◆ **WORK TO BE COMPLETED**
Word for word, give the data again without its pictures.

═════ AVAILABLE DATA ═════

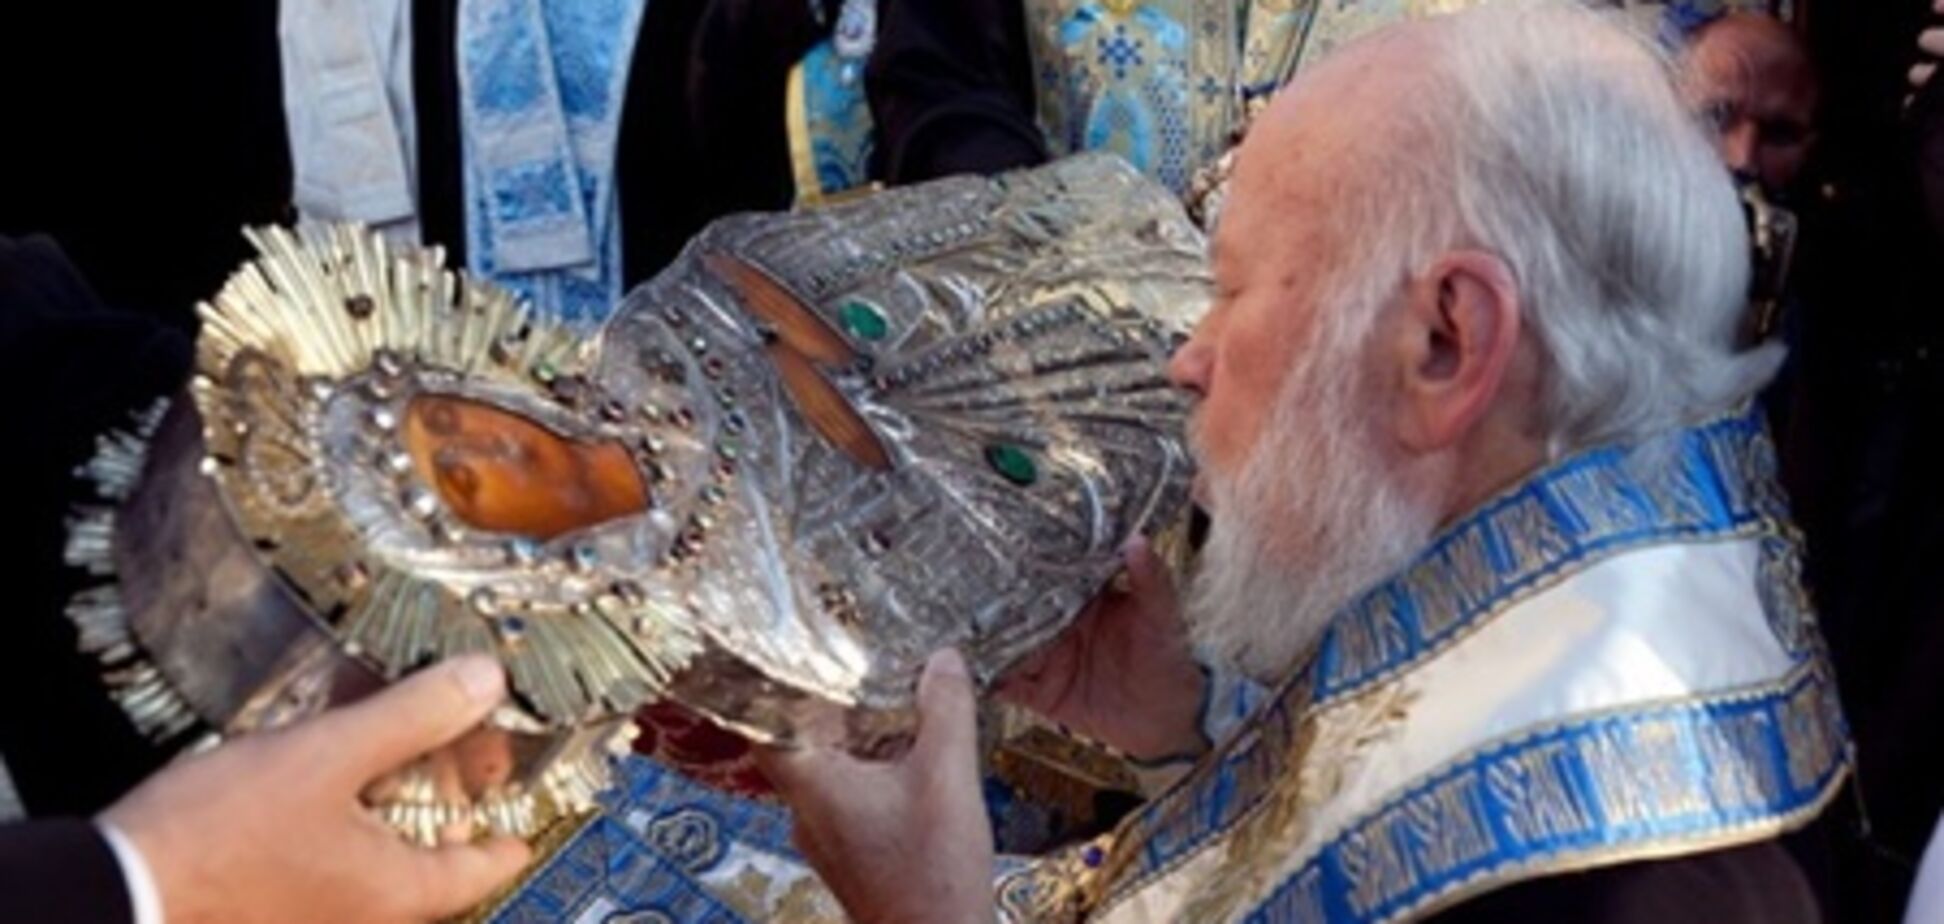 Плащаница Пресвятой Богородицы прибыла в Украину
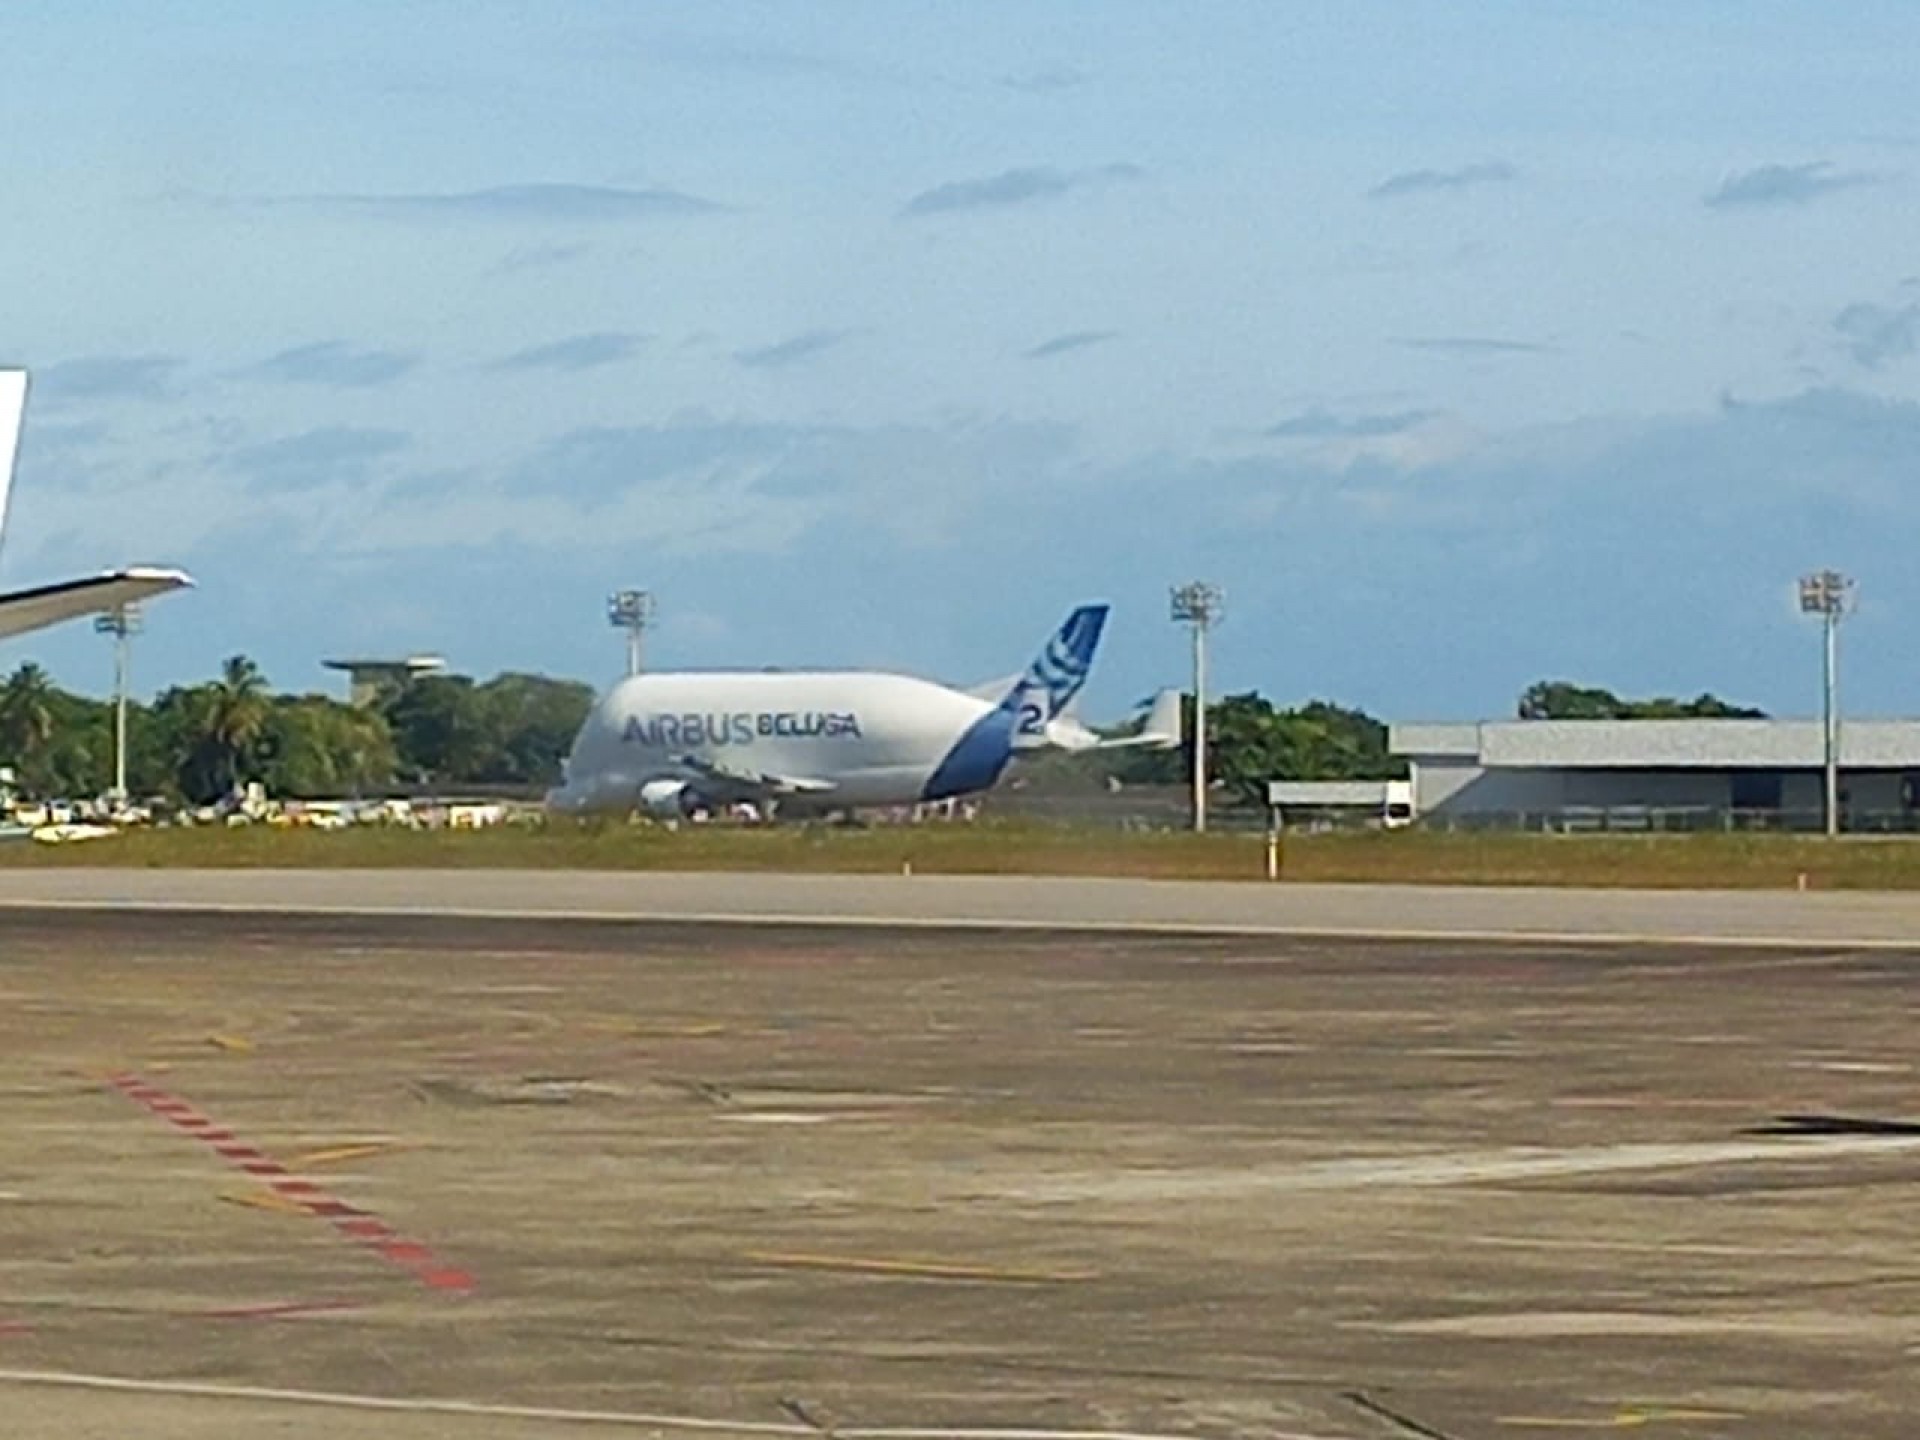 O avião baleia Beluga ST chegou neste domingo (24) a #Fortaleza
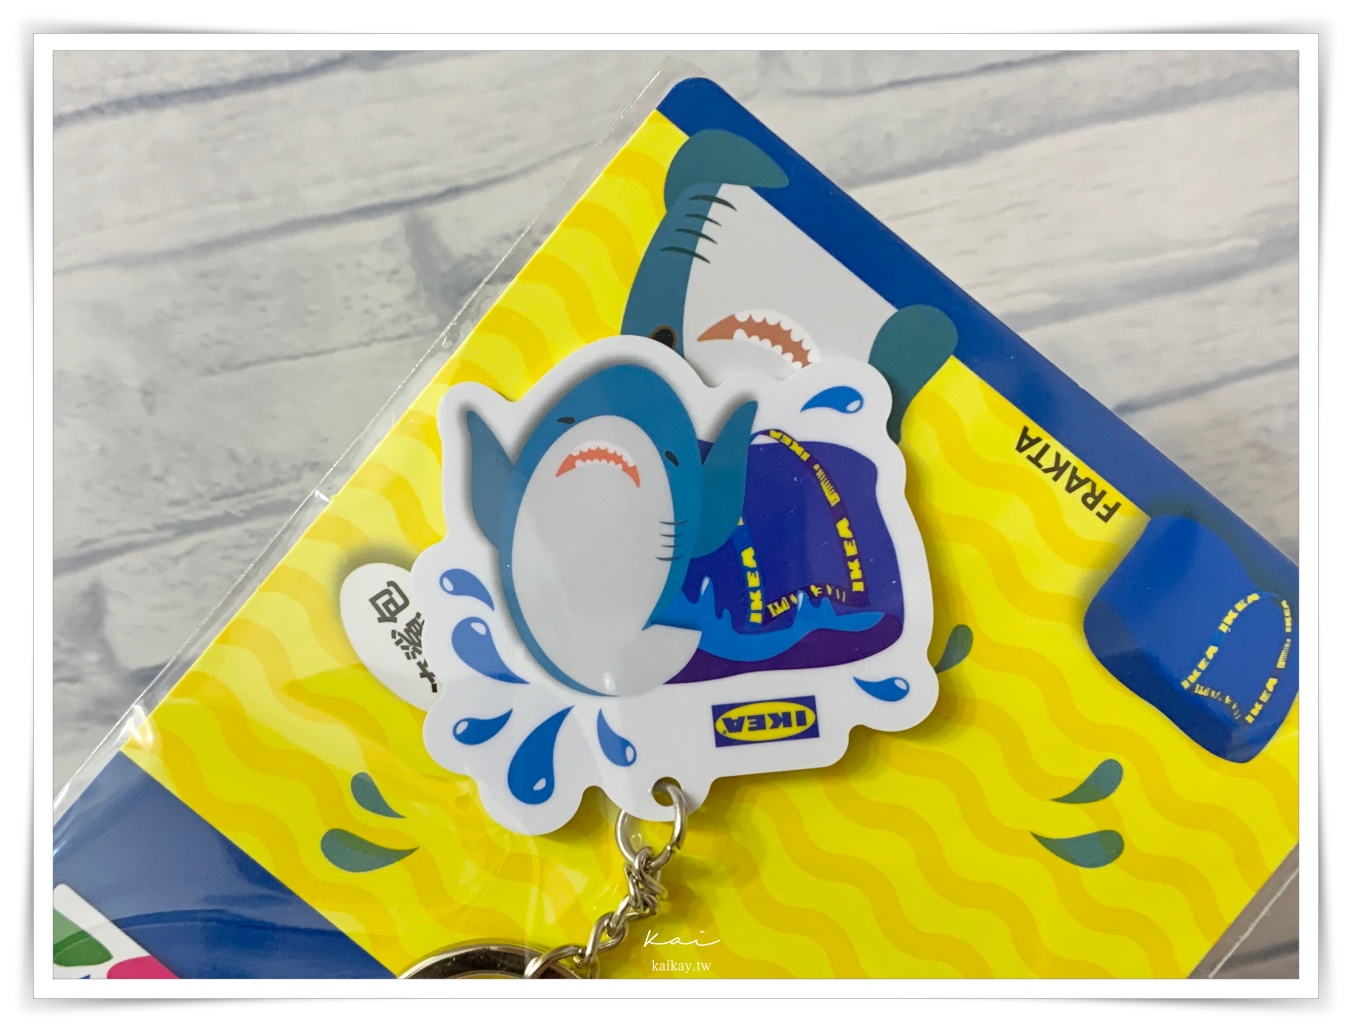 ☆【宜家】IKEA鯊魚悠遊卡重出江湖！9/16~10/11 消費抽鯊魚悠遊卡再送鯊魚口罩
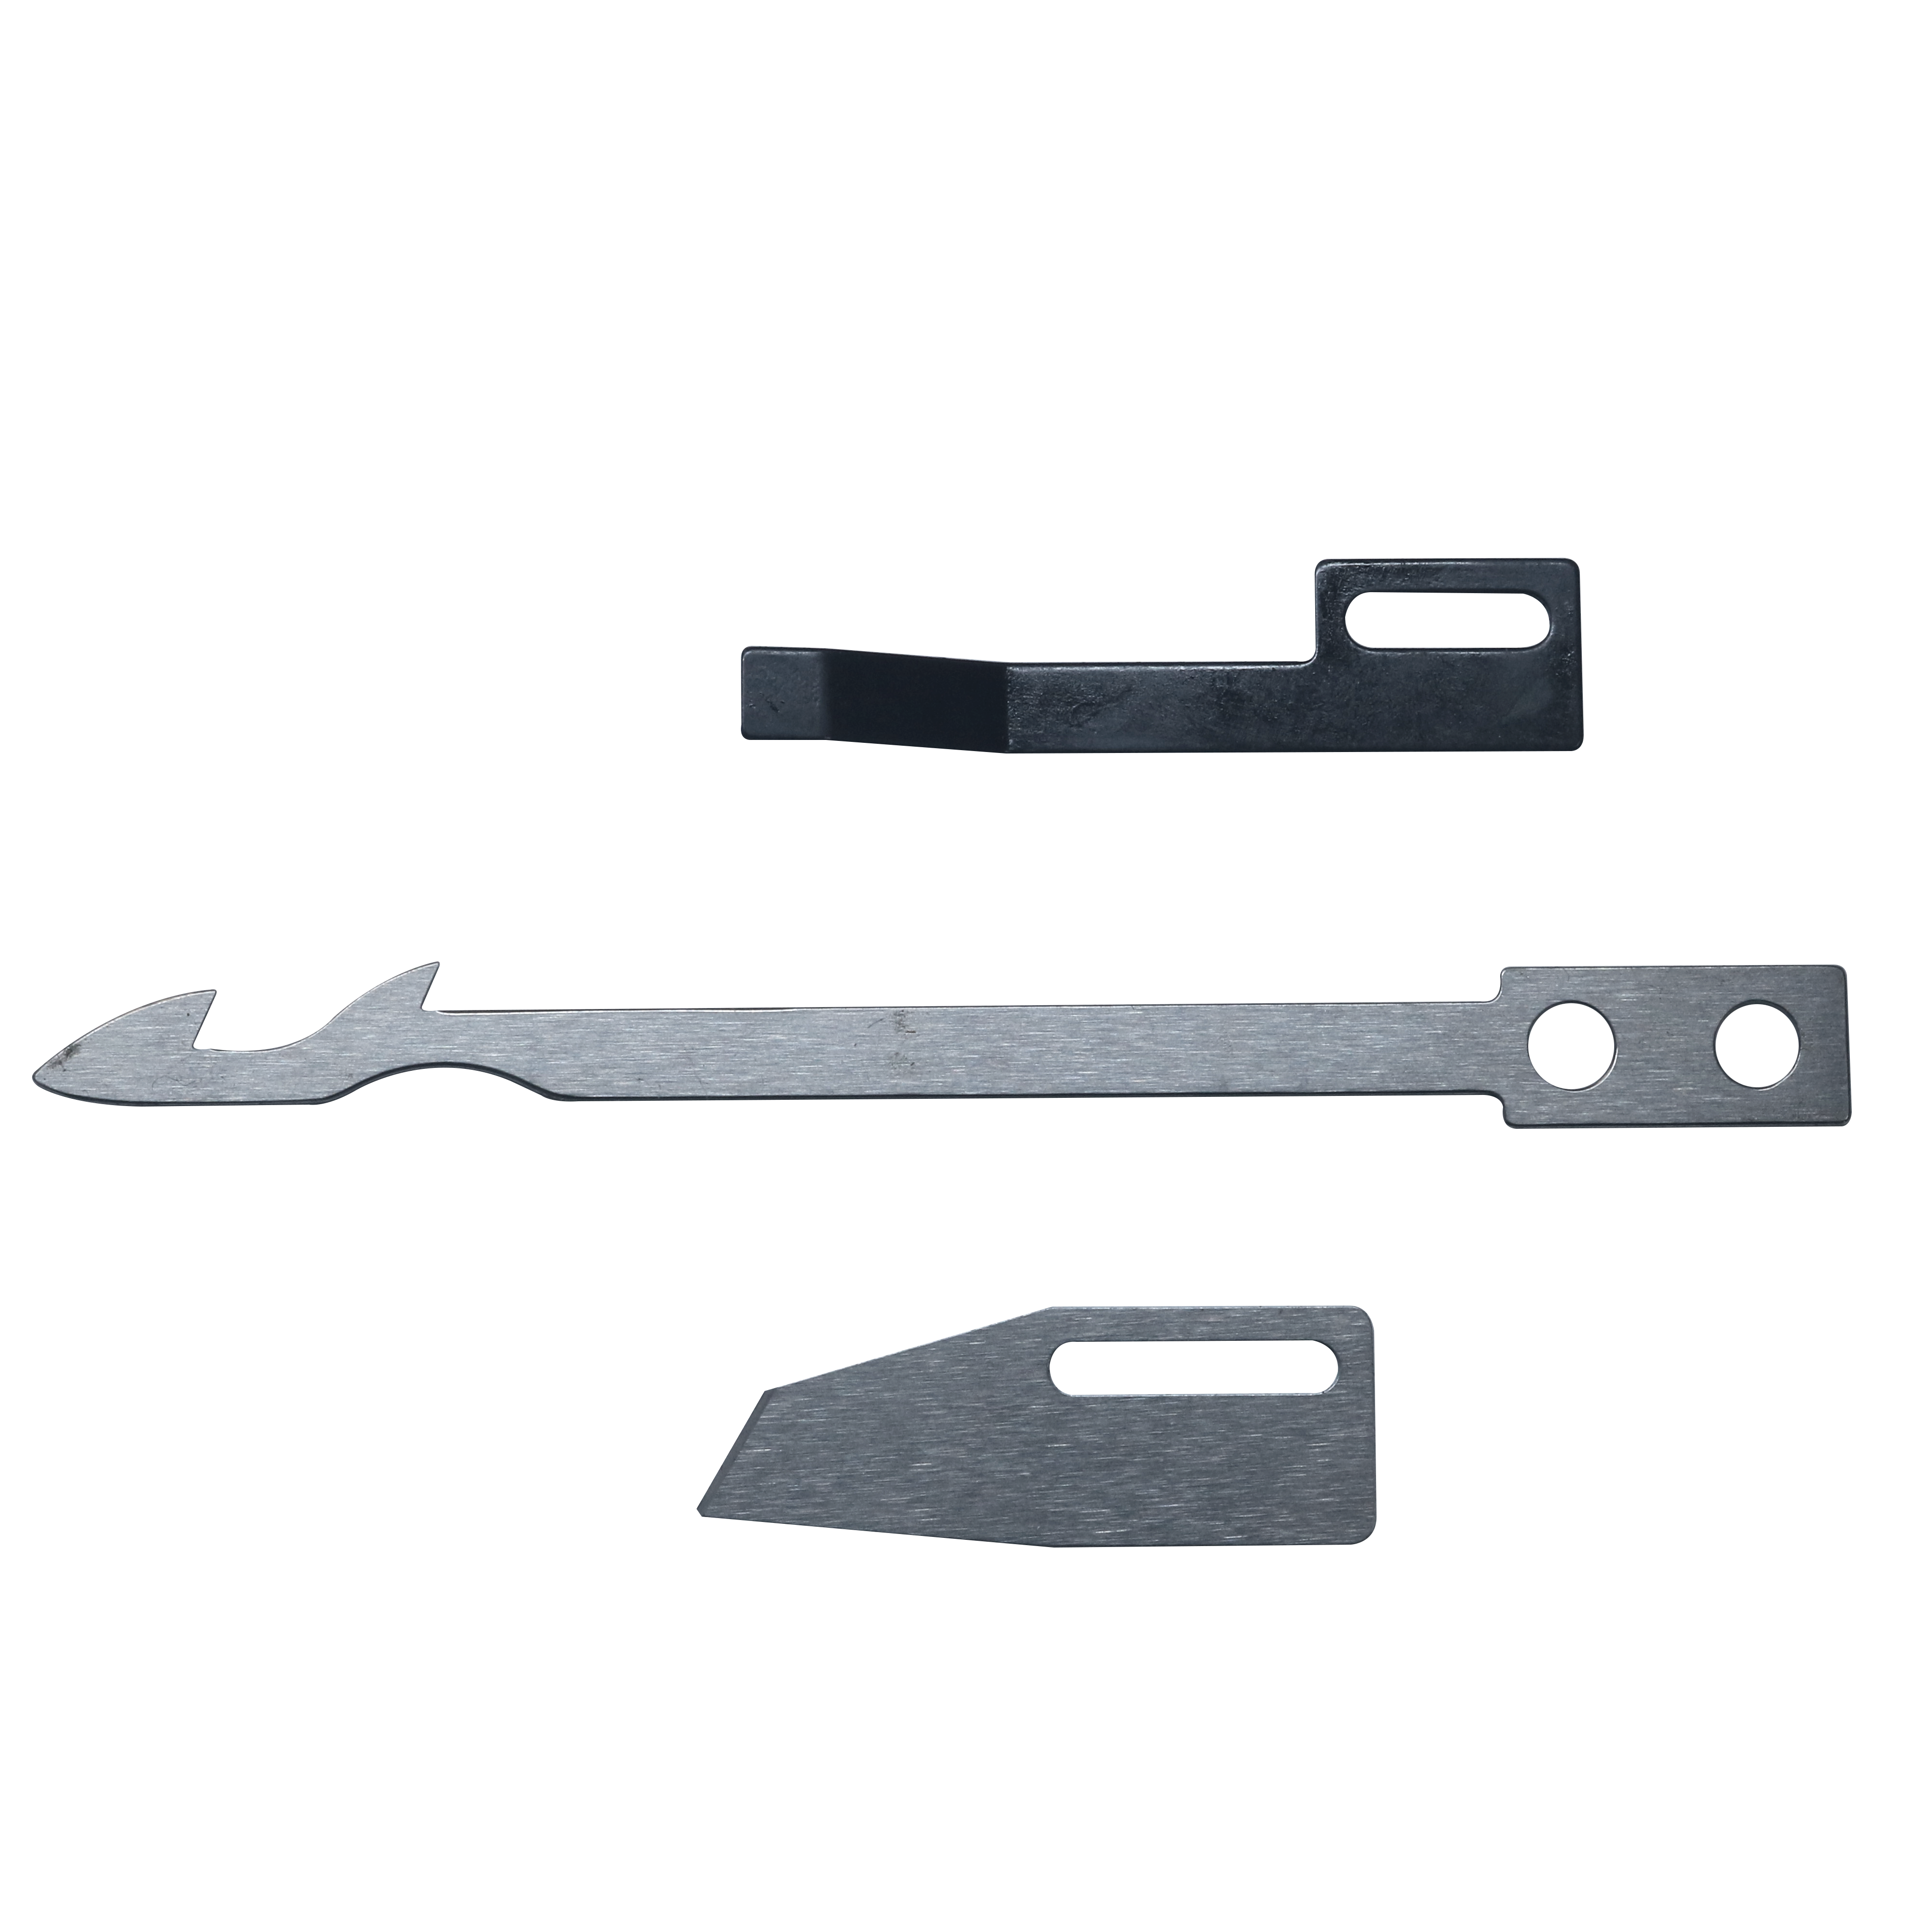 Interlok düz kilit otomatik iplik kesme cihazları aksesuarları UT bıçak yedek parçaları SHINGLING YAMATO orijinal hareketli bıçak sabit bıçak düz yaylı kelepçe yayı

═════

◆ **OUTPUT FOR THIS TASK**
 Плащаница Пресвятой Богородицы прибыла в Украину
 O avião baleia Beluga ST chegou neste domingo (24) a #Fortaleza
 ☆【宜家】IKEA鯊魚悠遊卡重出江湖！9/16~10/11 消費抽鯊魚悠遊卡再送鯊魚口罩
 Interlok düz kilit otomatik iplik kesme cihazları aksesuarları UT bıçak yedek parçaları SHINGLING YAMATO orijinal hareketli bıçak sabit bıçak düz yaylı kelepçe yayı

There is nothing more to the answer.